1.5 Project Outline This dissertation is mainly divided into six chapters. The former sections provided an introduction of the project, research question or statement of the problem, research aims and objectives, the significance of this study and methodology that has been adopted. This can be named as Chapter – 1. The rest of the research is structured into the following chapters: Chapter – 2: Background and related researches or literature review. This chapter provides an introduction to distributed systems, background and basics of distributed systems that involves definition, characteristics and advantages & disadvantages of open distributed systems. It also describes three types of distributed systems: distributed computing systems, distributed information systems and distributed pervasive systems. Finally it briefly discusses Middleware as a sample of distributed systems technology. Chapter – 3: An overview of distributed programming languages. This chapter explores the history of distributed programming languages, classification and techniques of distributed programming. It also discusses some language comparison criteria in relation to distributed systems. Chapter – 4: Samples of distributed programming languages (C++, Java and C#). In this chapter, C++, Java and C# have been taken as a three different samples of distributed programming languages. It explores historical perspective, features, and characteristics of each language as well as their role in developing distributed applications. Chapter – 5: Comparison and findings. This chapter compares C++, Java and C# against ten specified criteria founded form previous chapters. It also presents the outcomes of the comparison process and recommends a language that can be selected for a software project or distributed systems. Chapter – 6: Conclusions, recommendations and future study. This chapter summarises the whole work that has been described in this research and identifies the weak points or limitations of this study. It also proposed some possible solutions and recommendations to improve the current study that can be applied for future studies in this area.

5

Chapter – 2

Background and Related researches

6

2. Background and Related Researches 2.1 Introduction to distributed systems Since the birth of the first computing machines, computing has passed through many transformations and developments. The need of performing complex data calculations and processing quickly is lead to motivation of the advent of computers. The initial solutions are based on a model that is known as centralized systems, in which all incoming requests has been processed by a single computer with one or multiple Central Processing Units (CPUs). However, this model has become less attractive because of the separate nature of the divisions, cost and reliability issues. An alternative model has been proposed to address these issues related to the centralized systems model that is called distributed systems. In distributed systems instead of a single powerful computer multiple computers are used and linked together to communicate with each other through a shared network. Distributed, independent and heterogeneous nature of these computers underlies the importance of having software for distributed systems to provide a common view of the systems. (Tari & Bukhres 2001).

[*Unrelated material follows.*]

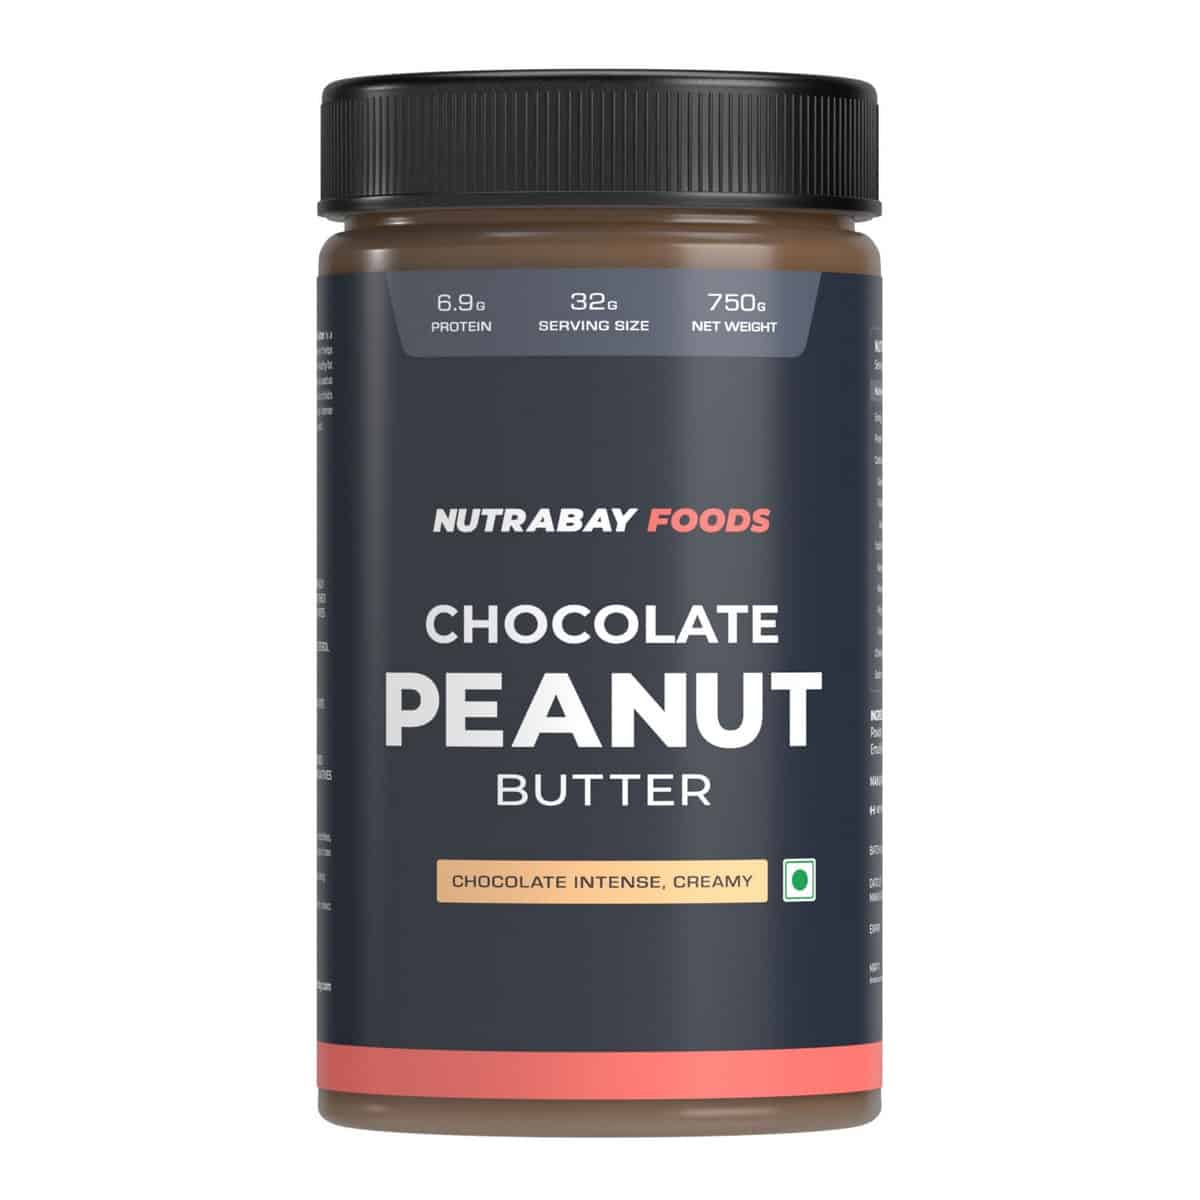 Nutrabay Foods Peanut Butter Chocolate
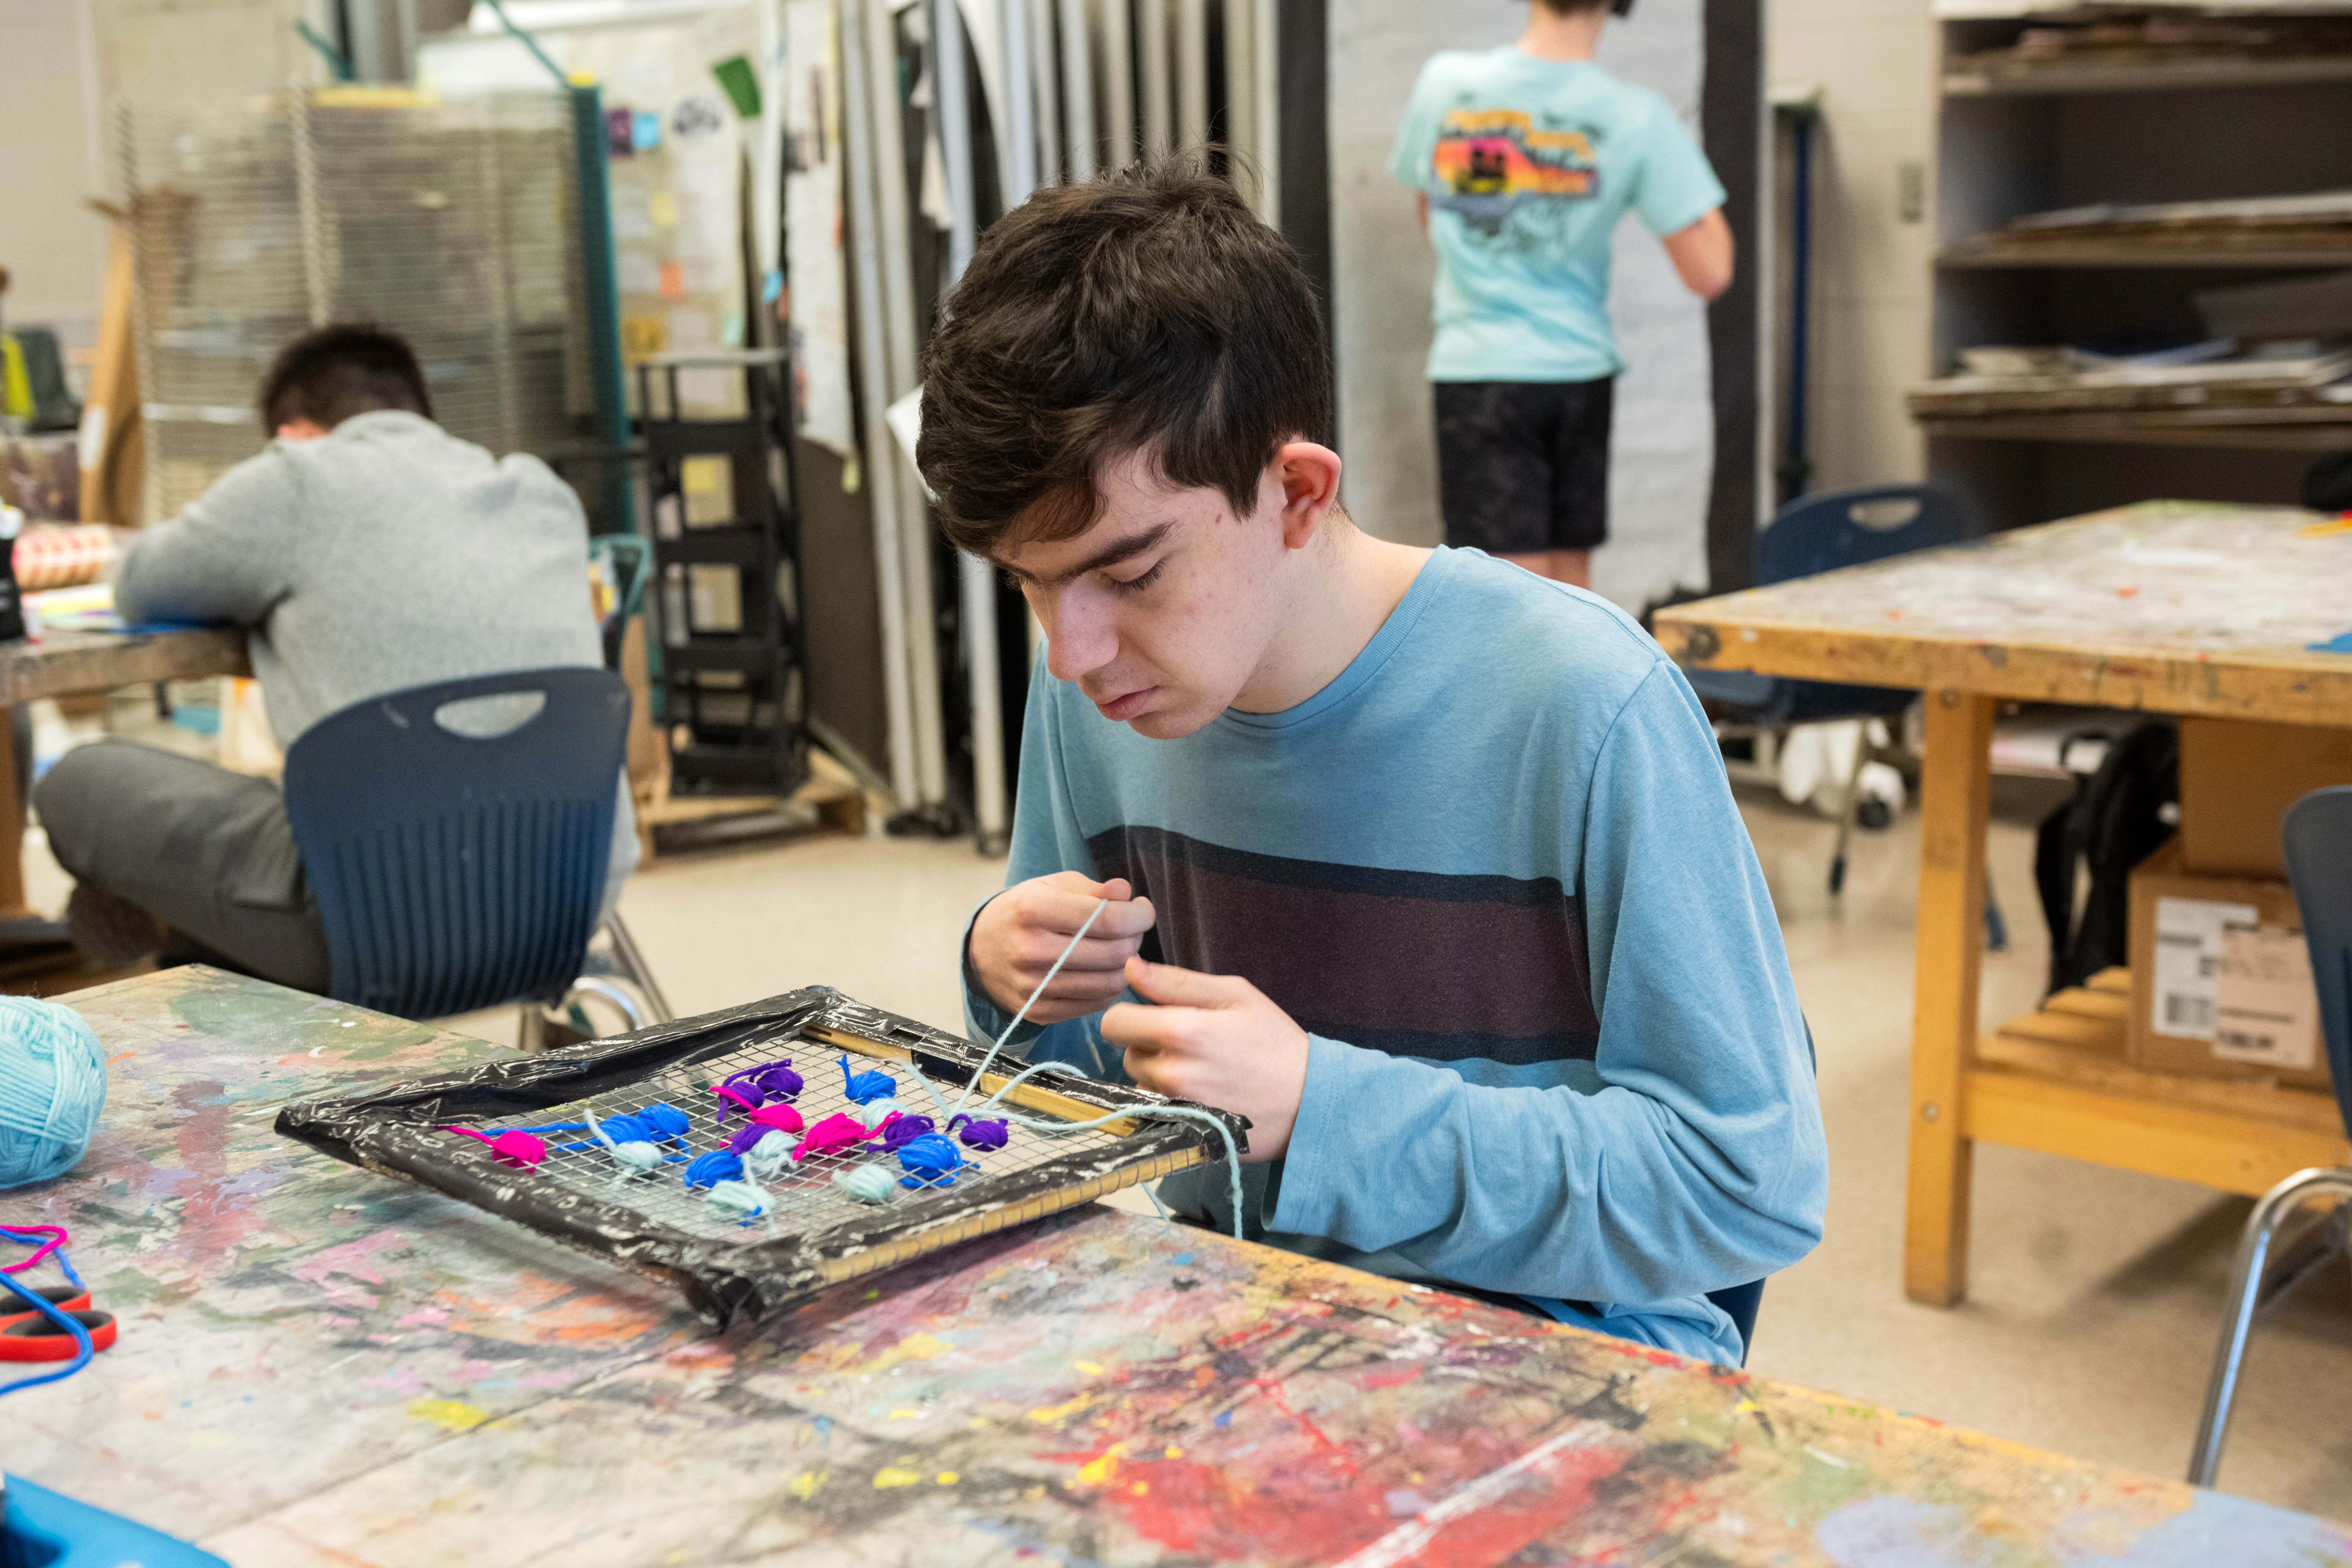 A student ties colored yarn to a wire grid. The Inclusive Fine Arts class encourages students to "find their language" with whatever medium they desire.

2.2 Background The 1990s is the decade of distributing systems. At that time the user could not make a distinction between the local and remote operations in the distributed systems. A command was used to run the programs. Programs did not necessarily execute on the workstation. Only one file system was used and shared by all users, processors have been allocated dynamically whereas the resource is required the most (Mullender 1989). Later, distributed systems have become more common and can be found everywhere. They are becoming a large scale and complex systems, which is quite difficult to develop. Various programming languages and platforms have been proposed to simplify the programming and construction of distributed systems (Hutchinson 1987). A distributed system is a system with many processing elements and storage devices that can be connected together via a common network. Potentially, this causes distributed applications become more powerful. Likewise, two important properties give a distributed system the potential to be more reliable. First, in distributed systems every function replicates several times. If one processor fails, another one can take over the work because many processors

7

can be used. The information cannot be destroyed if any disk crashed because the files can be saved on several disks. Second, in distributed systems many works can be done in the same amount of time because many computations can be carried out in parallel. These two properties that are known as fault tolerance and parallelism makes a distributed system to be more powerful than traditional operating systems. (Mullender 1989).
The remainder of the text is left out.